Lord President—It is not very easy for a Judge sitting in this Court to place himself in the position of a Sheriff sitting in the Small Debt Court or in the Court called the Debts Recovery Court, and I daresay one's first inclination is to think that the Sheriffs go too fast and do not give sufficient indulgence to the parties. I am always inclined, whenever there is the least appearance of a litigant having been taken up too sharply, to restore him if possible to his rights; and certainly there is at first sight the appearance of undue haste here in the case of a man defending himself without legal advice. If it had appeared that the appellant was so poor a man as not to be able to afford legal advice, that would have made the case the stronger. But nothing of that sort appears here. We must assume that the appellant is a man of means, for he has sent his son to school at a considerable cost.

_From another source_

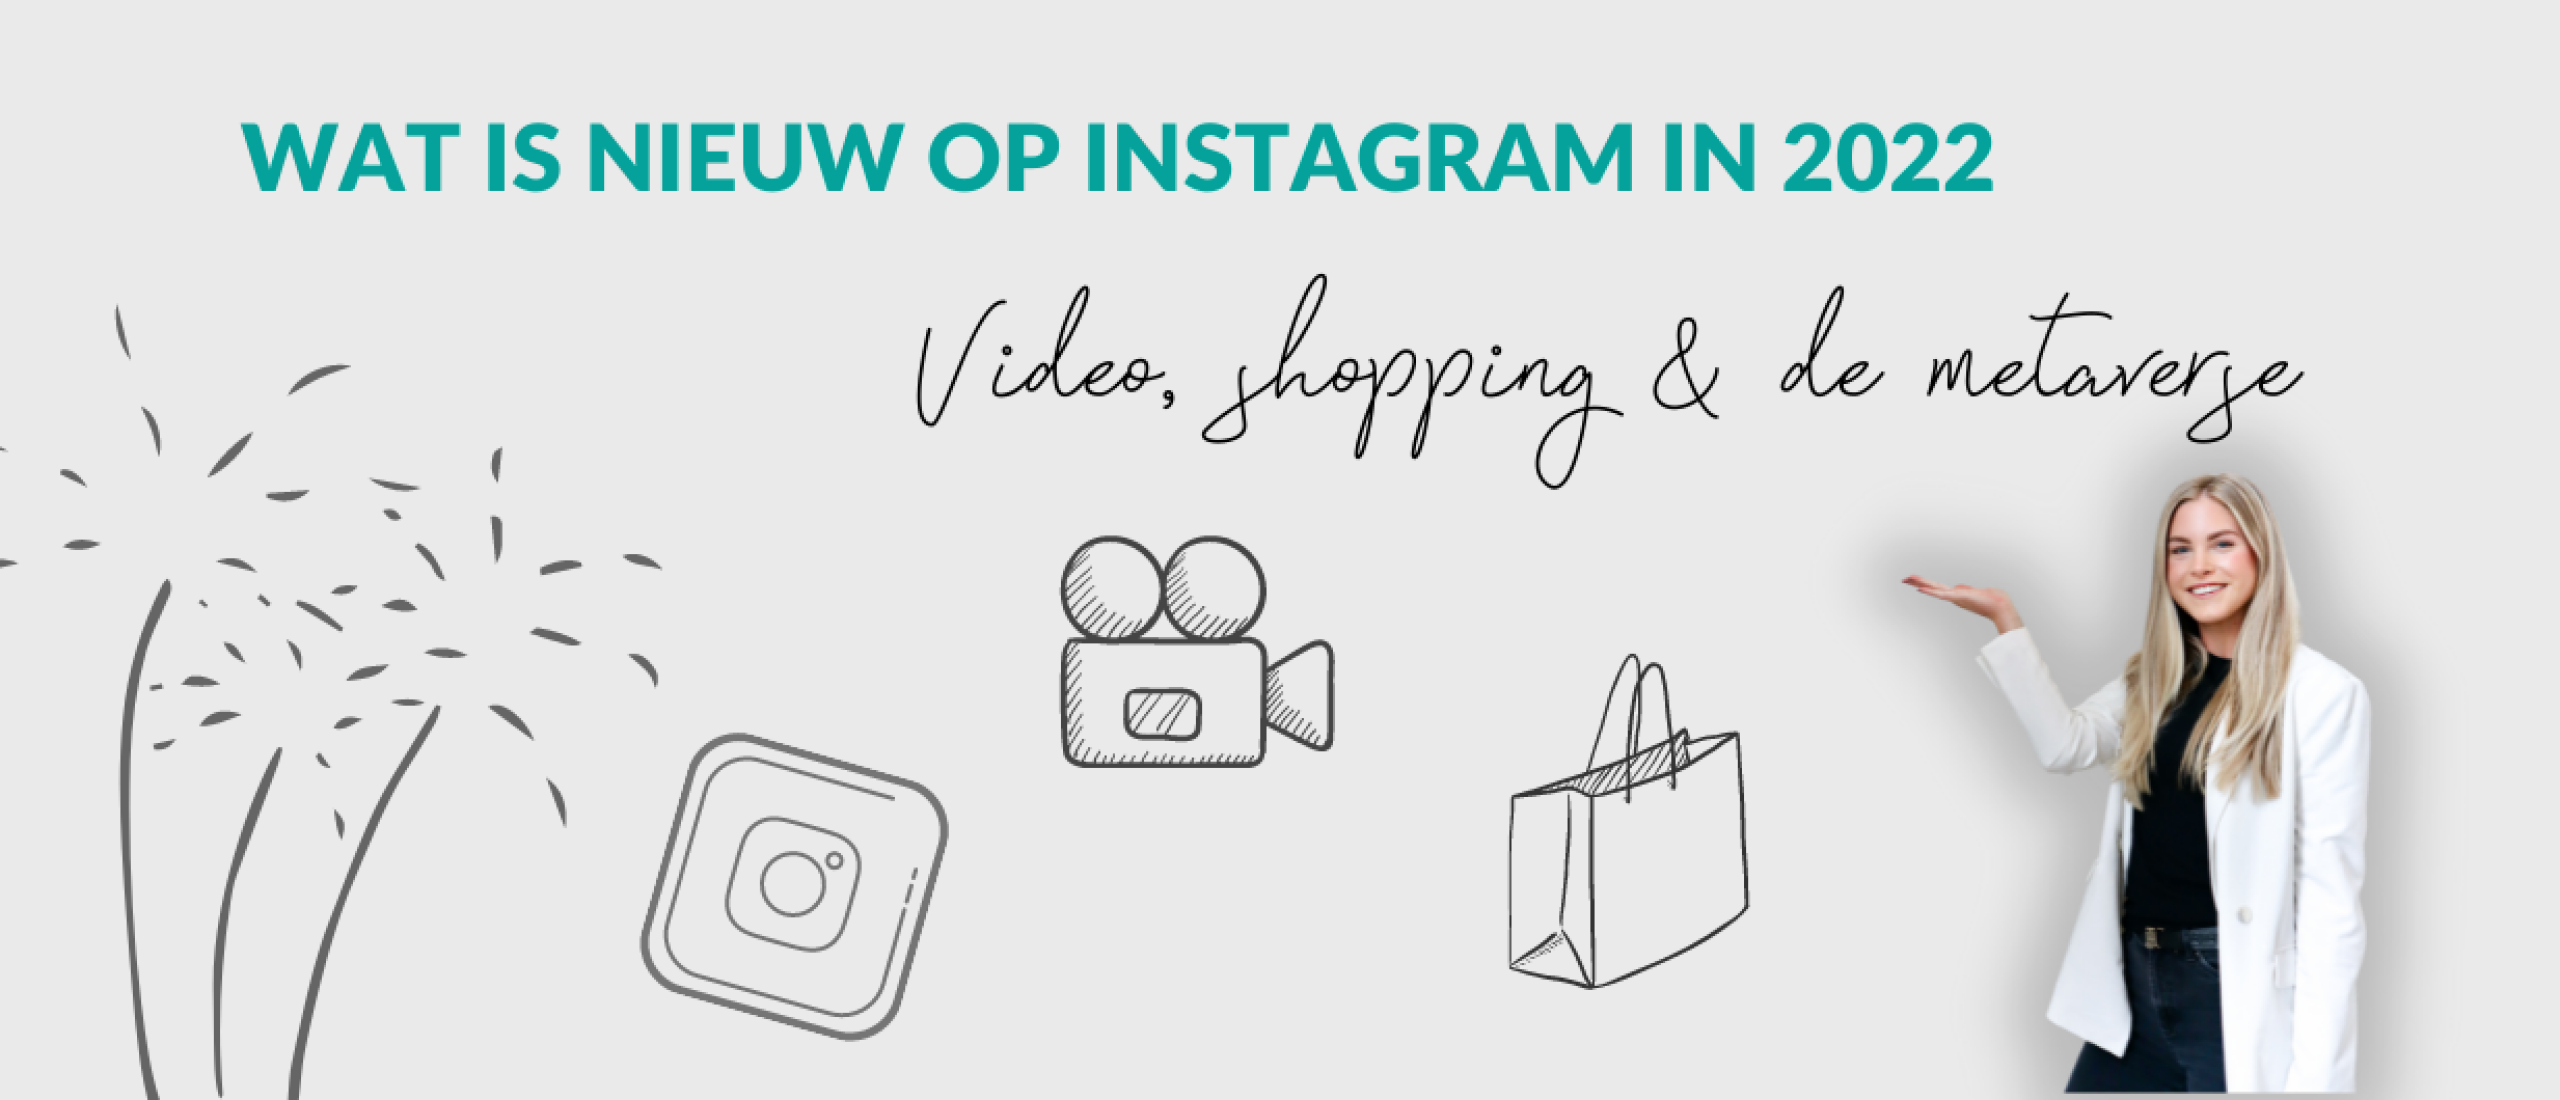 Wat is nieuw op Instagram in 2022: Video, shopping & de metaverse

He was surely able to employ a law-agent. But he did not choose to do so, until after the case had been decided against him; and the question is, whether there has been such injustice done that we can upset the Sheriff's judgment? I am not inclined to think that there is. If an account in the Small Debt Court appears on the face of it to be prescribed under the statute, I am of opinion that it is the duty of the judge to give effect to the objection whether it is pleaded or not, because in that Court parties are not entitled to the protection of an agent against their own ignorance of law. But that is not the case in the Debts Recovery Court, for there parties can have law-agents, and, as I said before, the appellant here was able to employ an agent. I think, therefore, he must take the consequences of his own neglect. And I am the more ready to come to this conclusion from the consideration that it appears to me that it would be very difficult to sustain the plea of prescription which the appellant now puts forward. There is one item indeed—for board and washing—which is subject to prescription, but as regards the others they appear to be small cash advances, as to which it is, to say the least, doubtful whether they are prescribed.

On the whole matter, therefore, I think that we should dismiss the appeal and let the Sheriff's interlocutor stand.

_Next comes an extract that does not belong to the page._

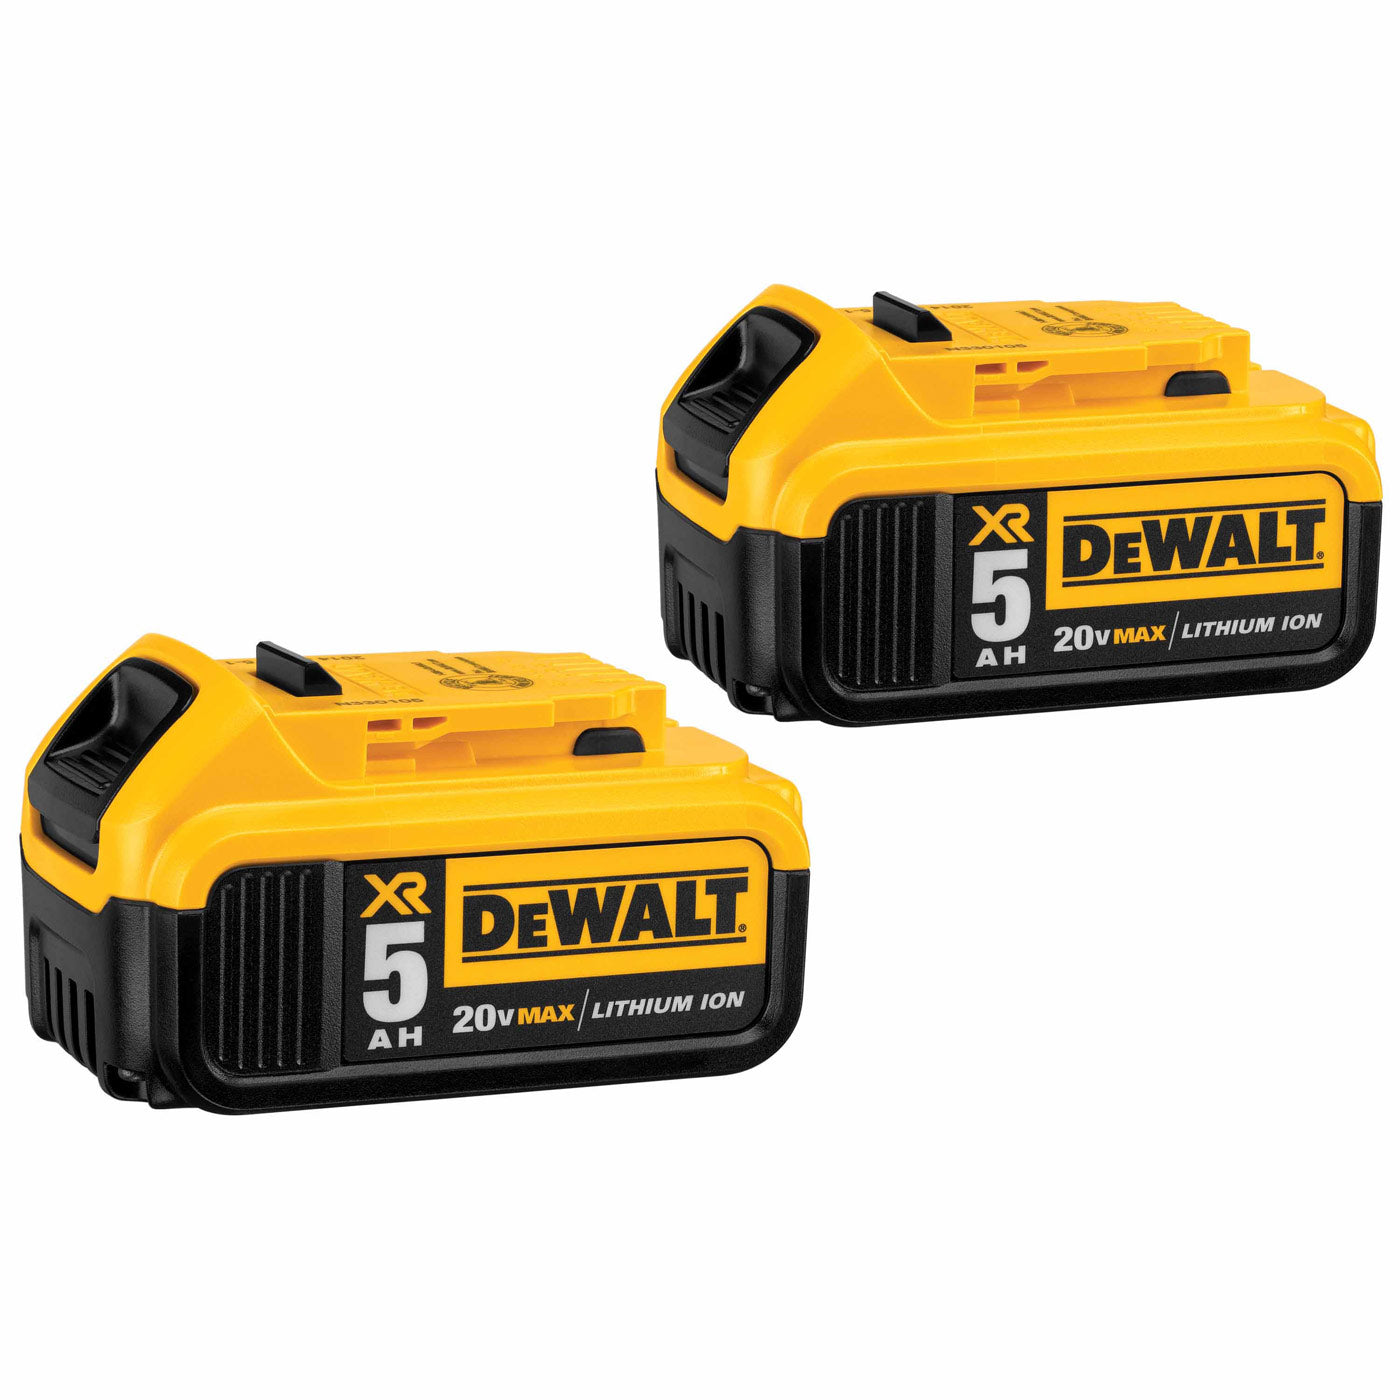 DeWalt DCB205-2 20V MAX 5Ah Battery 2-Pack

Lord Mure—I concur. The cases on which the appellant founds were cases in which the parties could not have the benefit of legal advice. Here the appellant is a man of means, who was entitled to have the advice of an agent. I am not prepared to extend the rule laid down in the Small Debt Court cases to cases like the present.

Lord Curriehill—There is a clear distinction between cases under the Small Debt Act and cases like the present. In the Small Debt Court most cases, as your Lordships are aware, are disposed of at one diet. There is usually no chance of a second appearance. Here, on the other hand, the defender appeared and pleaded that the debt was paid. The Sheriff-Substitute noted that plea, and appointed the case to be tried on a subsequent day; so that the defender had thus two opportunities of informing himself as to the facts and the law, and he did not avail himself of them. I also agree that this is not a case to which prescription clearly applies. There was, therefore, no obligation on the Sheriff-Substitute to notice that plea of his own motion.

Lord Deas and Lord Shand were absent.

The Court adhered.

Counsel:

Counsel for Appellant— M'Kechnie. Agent— William Black, S.S.C.

Counsel for Respondent— Strachan. Agents— Davidson & Syme, W.S.